Forum Moderators: Robert Charlton & goodroi
User-agent: Googlebot
Disallow: /
What I have noticed is that google is somehow getting some of the pages anyway. out of about 20,000 they have now about 3,670.
also interesting is that on the search results page for:
oursitename site:www.example.com
google shows: Results 1 - 9 of about 3,670
And, only 9 url links without title or description show up. No way to access any of the other supposed 3,670 results.
We have another site that has same pages and the reason we block google from the mirror site is to avoid penalty. Concerned about these pages getting in despite the robots.txt block, and possible penalty.
Any help on understanding this would be appreciated.
[edited by: ciml at 6:06 pm (utc) on July 7, 2005]
[edit reason] Examplified [/edit]
The URL-only listings indicate that Google are doing the right thing, so the question is how they found the URLs.
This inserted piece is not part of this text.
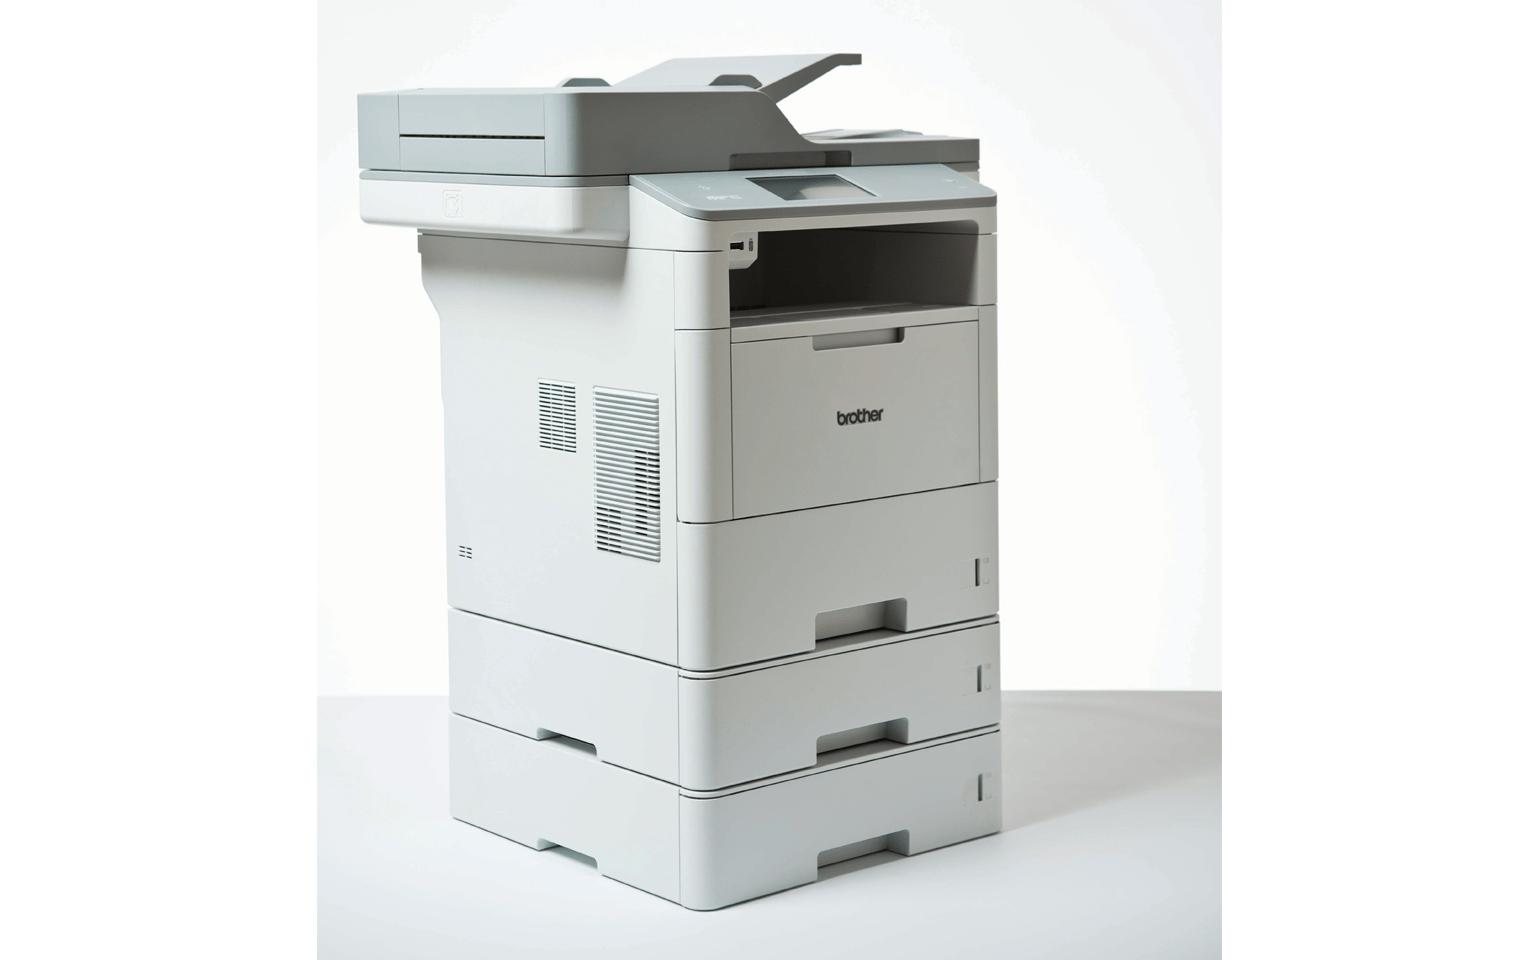 MFC-L6900DWT Wireless Mono Laser Printer 2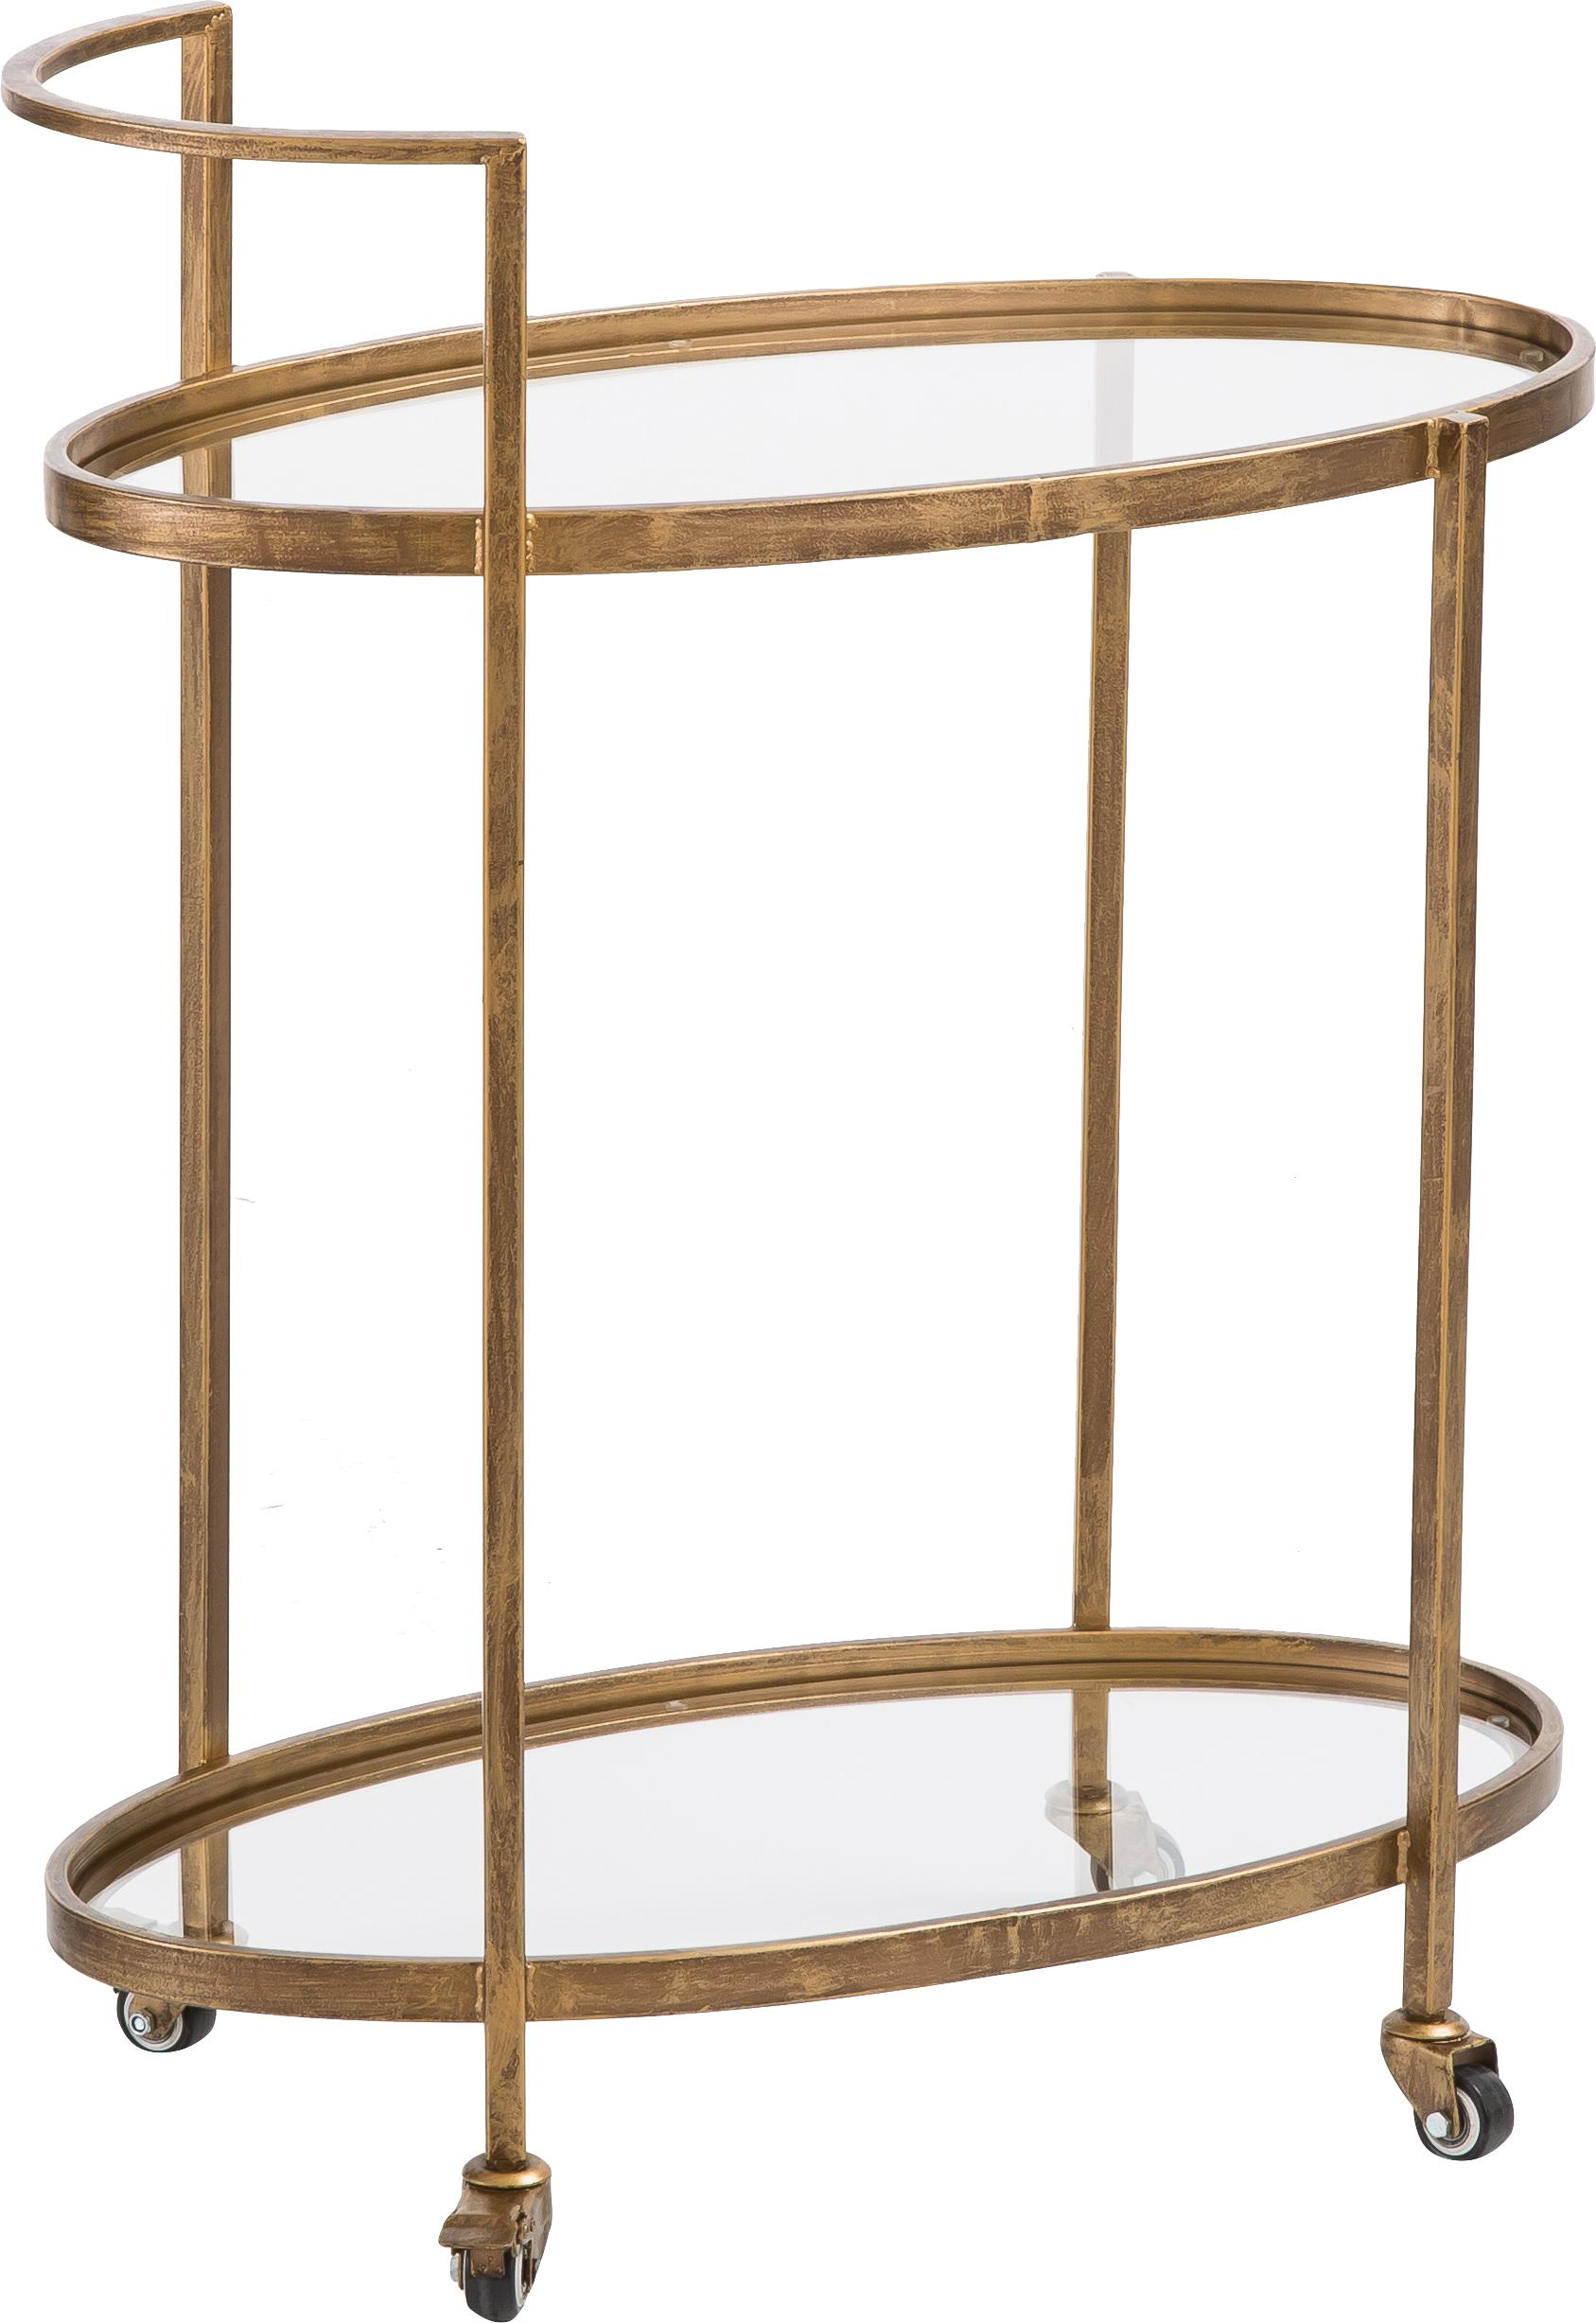 Camarera Push Antic, Estructura: metal, latón, Estantes: vidrio, Latón, transparente, An 67 x Al 86 cm

My guess is that either Google visited the site before the /robots.txt was added, or there's some other way for Googlebot to see links to those URLs.
As ciml says. Also my understanding is that if other sites link to you Googlebot will index those links during spidering, but then not flesh them in with content when another bot returns to index the content. You can remove those listings (until the same thing happens again) using the Google robots.txt removal tool but use great caution with it!
I didn't follow the classic sandbox affect like other sites, it was more deliberate.
The domain name came up renewal two months ago, and I decided to block googlebot and move the content to a new domain.
Two weeks later the site started to get google traffic.
Go figure
[edited by: minnapple at 4:38 am (utc) on July 8, 2005]